If you would like to reproduce this yourself here is the first input file and the second input file.

Need to read specific lines of text file that doesn't have a great format into data frame (preferably multiple data frames)?

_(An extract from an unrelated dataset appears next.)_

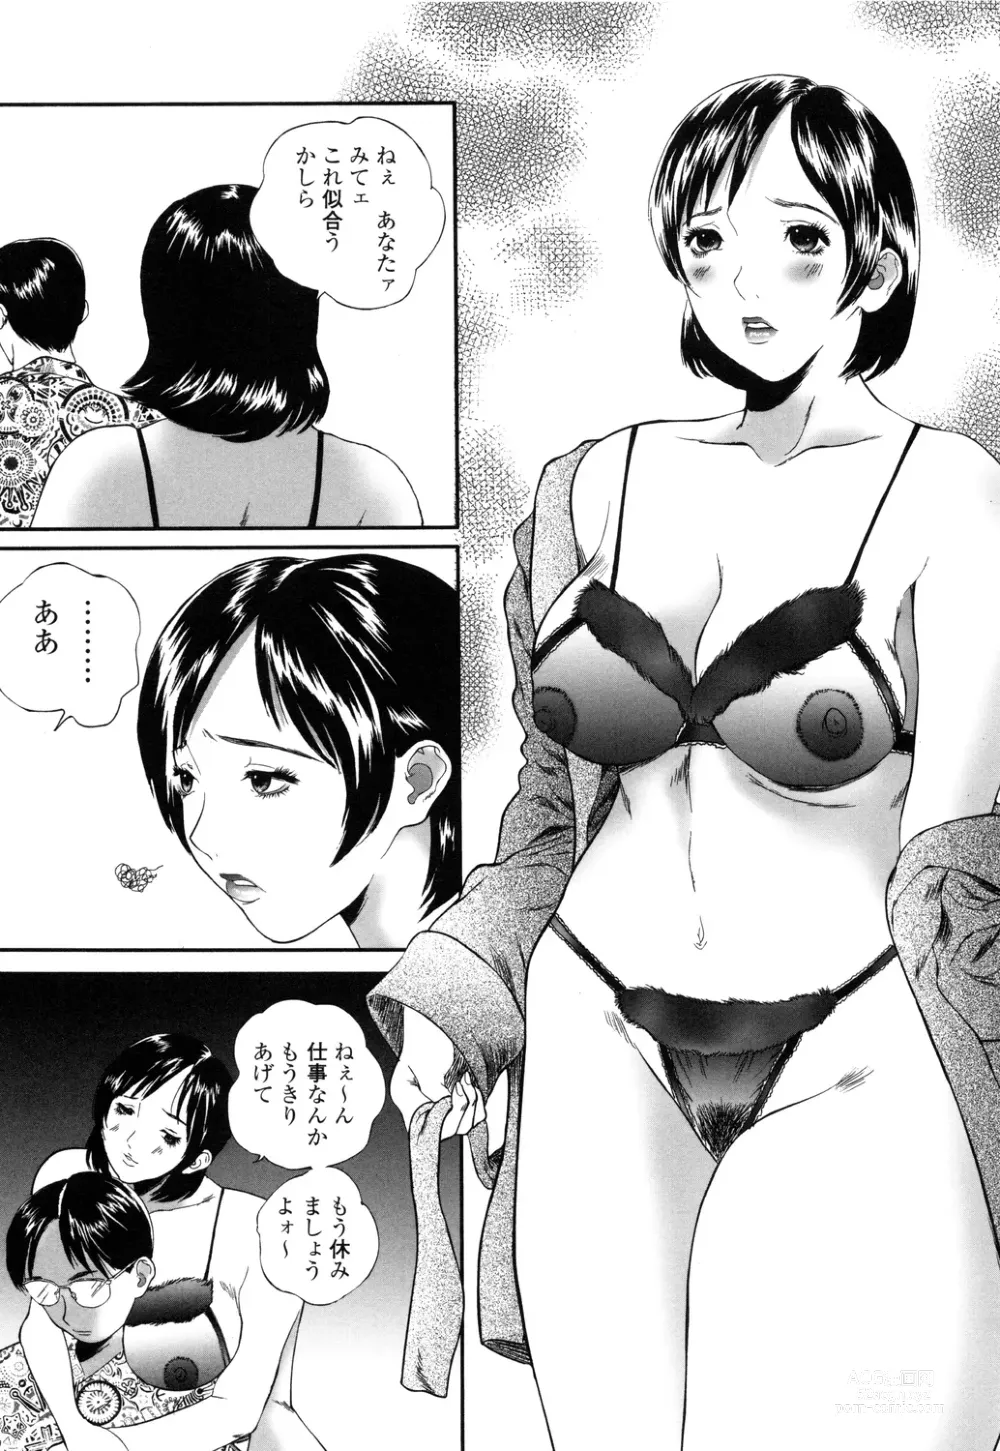 Page 5 of manga Apart zuma Ryouko
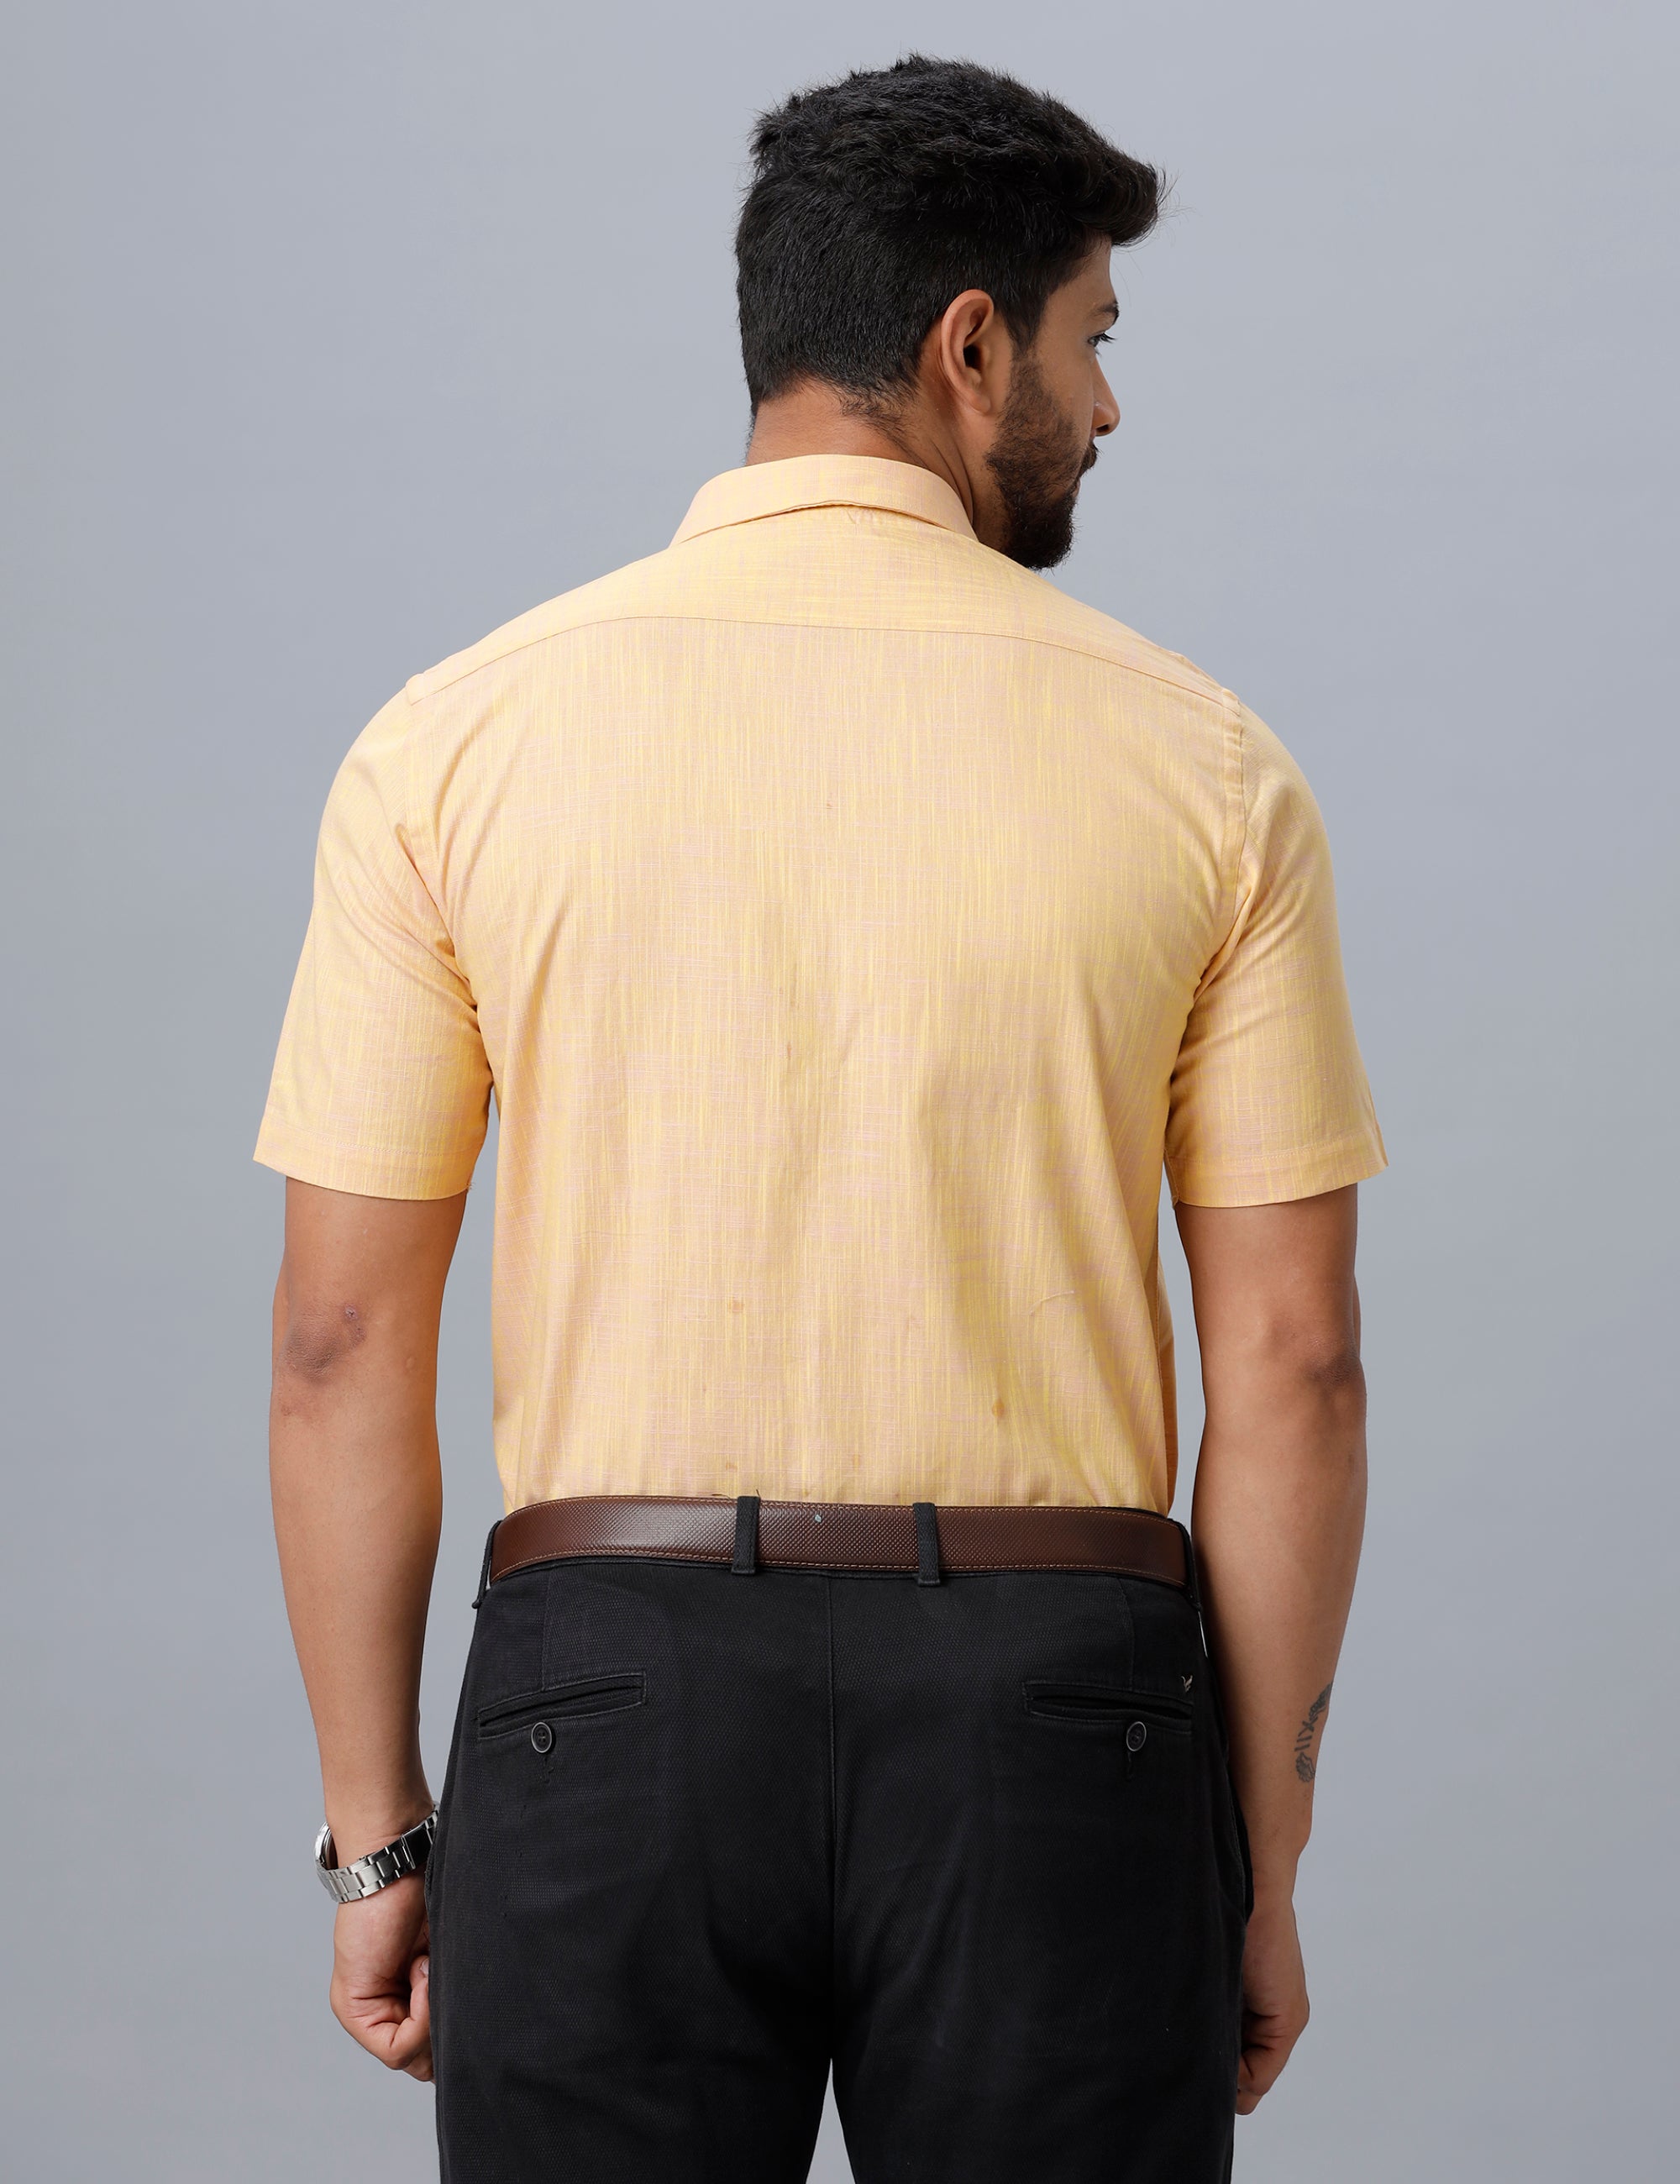 Mens Formal Shirt Half Sleeves Light Orange CL2 GT16-Back view

I'm completely new to R and I'm not sure the best way to deal with this file so I'm really hoping someone can at least point me in the right direction. I've searched for other solutions and tried using grepl but can't seem to figure out the best way to only read some of the data. The file I'm trying to read in looks something like the text below:
##BLOCKS= 8
Plate: Plate01 1.3 PlateFormat Endpoint Absorbance Raw FALSE 1 1 630 1 12 96 1 8 None
Temperature(°C) 1 2 3 4 5 6 7 8 9 10 11 12
0.00 0.042 0.067 0.292 0.206 0.071 0.067 0.04 0.063 0.059 0.04 0.066 0.04
0.043 0.172 0.179 0.199 0.073 0.067 0.04 0.062 0.058 0.039 0.066 0.039
0.04 0.066 0.29 0.185 0.072 0.067 0.04 0.062 0.058 0.039 0.065 0.039
0.039 0.068 0.291 0.189 0.075 0.069 0.04 0.064 0.058 0.041 0.064 0.039
0.042 0.063 0.271 0.191 0.07 0.068 0.04 0.065 0.058 0.041 0.066 0.04
0.041 0.067 0.342 0.199 0.069 0.066 0.041 0.065 0.057 0.04 0.065 0.042
0.044 0.064 0.295 0.198 0.069 0.067 0.039 0.064 0.057 0.04 0.067 0.041
0.041 0.067 0.29 0.211 0.066 0.067 0.043 0.056 0.058 0.042 0.067 0.042
~End
Plate: Plate#1 1.3 PlateFormat Endpoint Absorbance Raw FALSE 1 1 630 1 12 96 1 8 None
Temperature(°C) 1 2 3 4 5 6 7 8 9 10 11 12
0.00 0.042 0.072 0.257 0.165 0.074 0.07 0.04 0.067 0.055 0.04 0.07 0.04
0.042 0.164 0.136 0.195 0.075 0.07 0.041 0.066 0.055 0.04 0.069 0.04
0.041 0.07 0.344 0.198 0.074 0.069 0.041 0.065 0.055 0.04 0.068 0.04
0.04 0.069 0.307 0.199 0.075 0.072 0.041 0.067 0.055 0.043 0.068 0.041
0.043 0.068 0.296 0.214 0.072 0.071 0.042 0.067 0.055 0.041 0.068 0.041
0.041 0.071 0.452 0.241 0.072 0.069 0.042 0.067 0.054 0.041 0.068 0.043
0.044 0.068 0.299 0.182 0.071 0.071 0.042 0.067 0.054 0.041 0.069 0.041
0.042 0.071 0.333 0.13 0.068 0.07 0.042 0.058 0.054 0.042 0.07 0.041
~End
I only want the columns/rows numbered 1-12 (next to Temperature) and the data under them. I'm new to R but do have some programming experience so I don't necessarily need someone to tell me exactly how to do this but if anyone could at least point me in the right direction of whatever functions I should be looking at I'd really appreciate the help!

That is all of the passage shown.